Policy must be sequenced and institutionally precise: first, strengthen the knowledge ecosystem –public labs, university incentives and industry-linked demonstration hubs – so ideas can be created and translated; second, calibrate intellectual property and competition rules by sector (stronger protection where R&D recoupment matters, lighter regimes where cumulative digital innovation dominates); third, make merger review forward-looking, guarding against “killer” deals and enforcing interoperability; fourth, remove entry and scaling frictions (simplify compliance, fix land/logistics, expand patient capital); and finally, manage social costs with retraining, targeted public procurement and portable safety nets so creative destruction is politically and socially sustainable.
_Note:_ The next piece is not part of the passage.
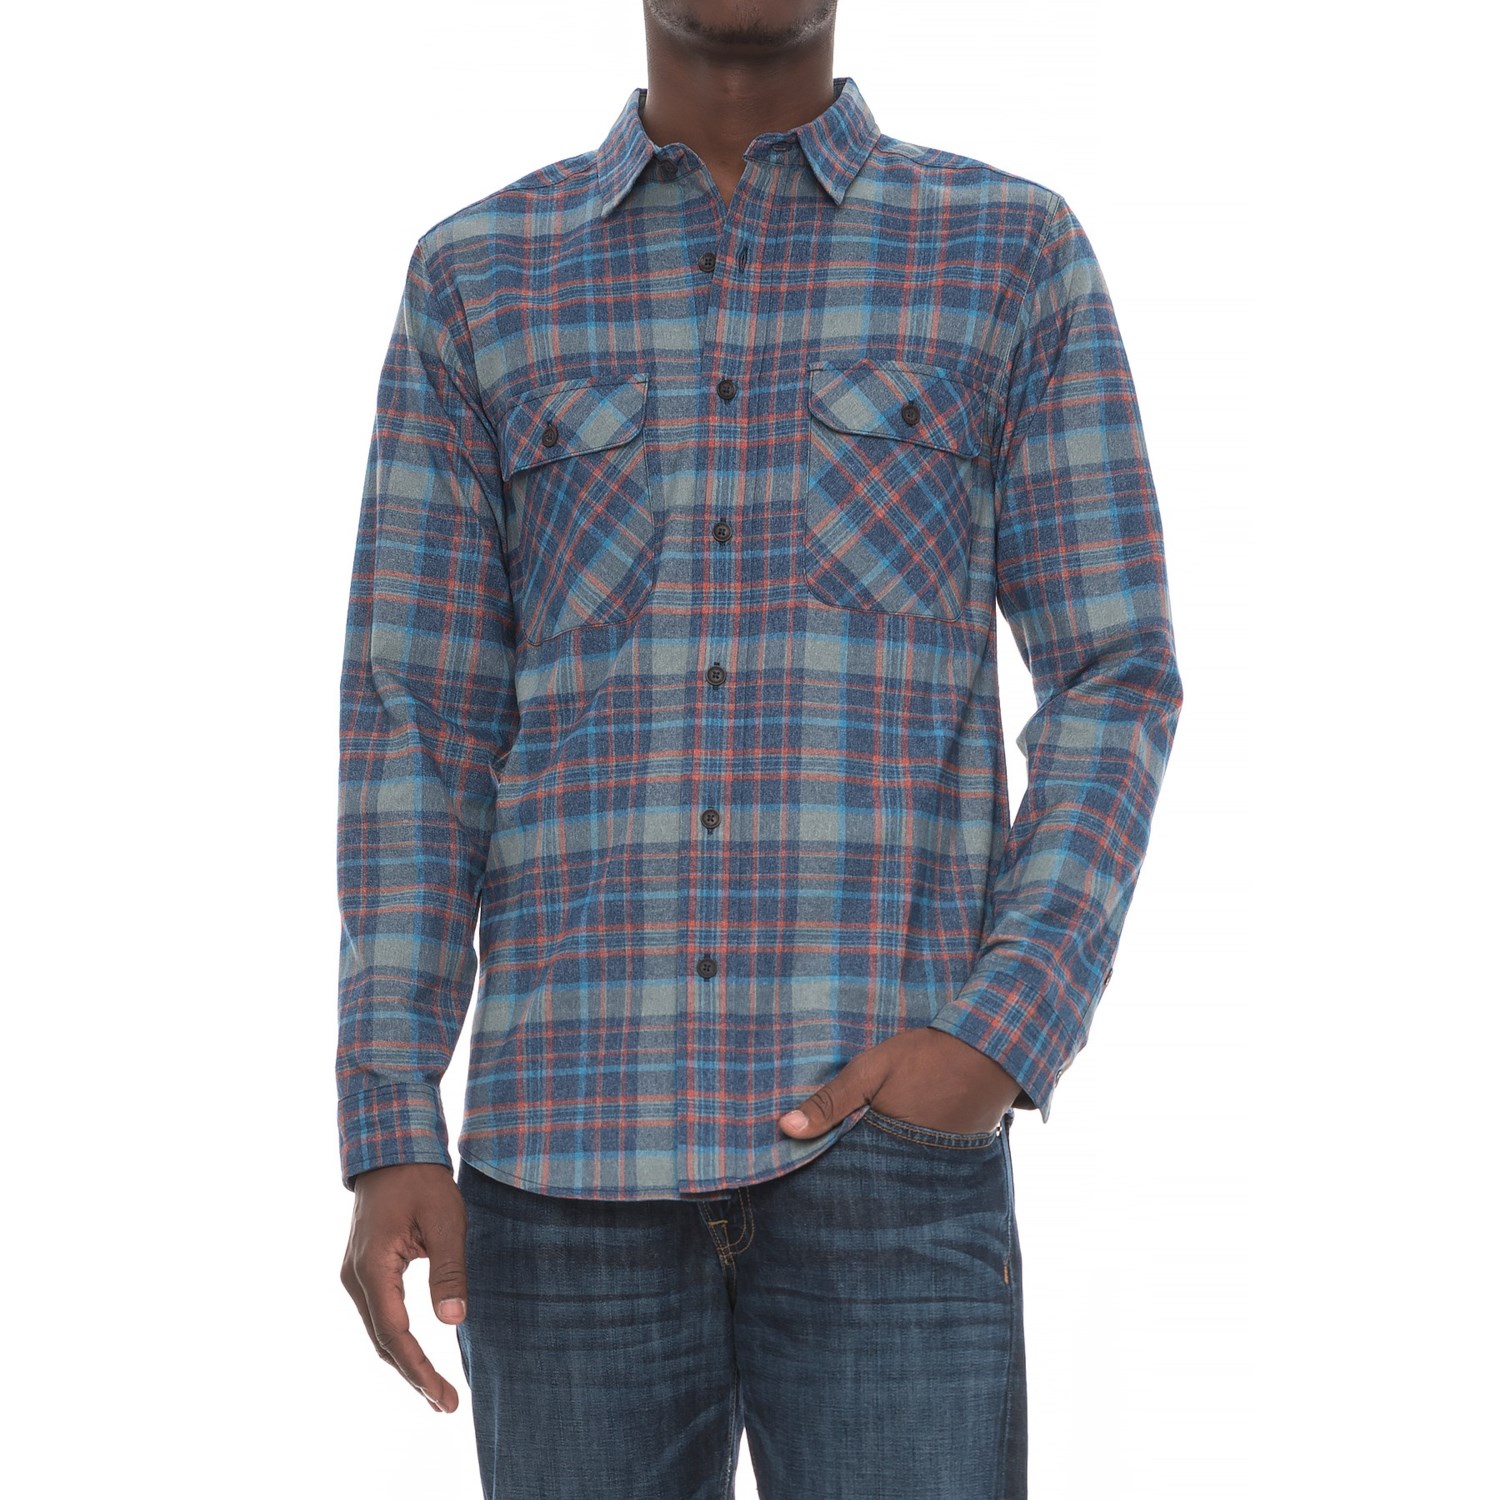 Royal Robbins High-Performance Plaid Flannel Shirt (For Men) - Save 60%

Creative destruction produces winners and losers. If those left behind are not supported, reform loses its social licence. That political economy imperative is not peripheral – it is central. Regulators and policymakers must be credible, transparent and predictable. They must be seen to be acting not to privilege a few, but to expand opportunities widely.
India’s diversity – of regions, institutions and industrial strengths – argues for a differentiated approach. Pilot reforms in receptive states, demonstrate success, and use conditional federal transfers to scale what works. Do not expect one policy to work uniformly across the subcontinent; expect, instead, an iterative process of learning and institutional adaptation.
From scale to capability
The practical promise of this Nobel is blunt: scale is an advantage only when coupled with institutions that generate and diffuse useful knowledge, and with markets that reward but do not entrench innovation. Mokyr, Aghion and Howitt give India both the diagnosis and the direction. The country has the market size, the talent and the entrepreneurial energy. The missing piece is institutional – the art of building legal, regulatory and social frameworks that make creative destruction an engine of inclusive growth with social cohesion, rather than episodic upheaval.
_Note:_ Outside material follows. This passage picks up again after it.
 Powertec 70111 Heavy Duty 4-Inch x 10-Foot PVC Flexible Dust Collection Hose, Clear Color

If India gets the sequencing and institutions right – upgrading knowledge ecosystems, calibrating competition and intellectual protection policy, and cushioning those displaced by technological change – its demographic and market scale can finally translate into sustained, broadly shared prosperity. That is the challenge of our decade, and the practical promise implicit in this year’s Nobel.
Freddy Thomas is an assistant professor at the School of Law, Christ University, Bangalore, where he teaches economic analysis of law.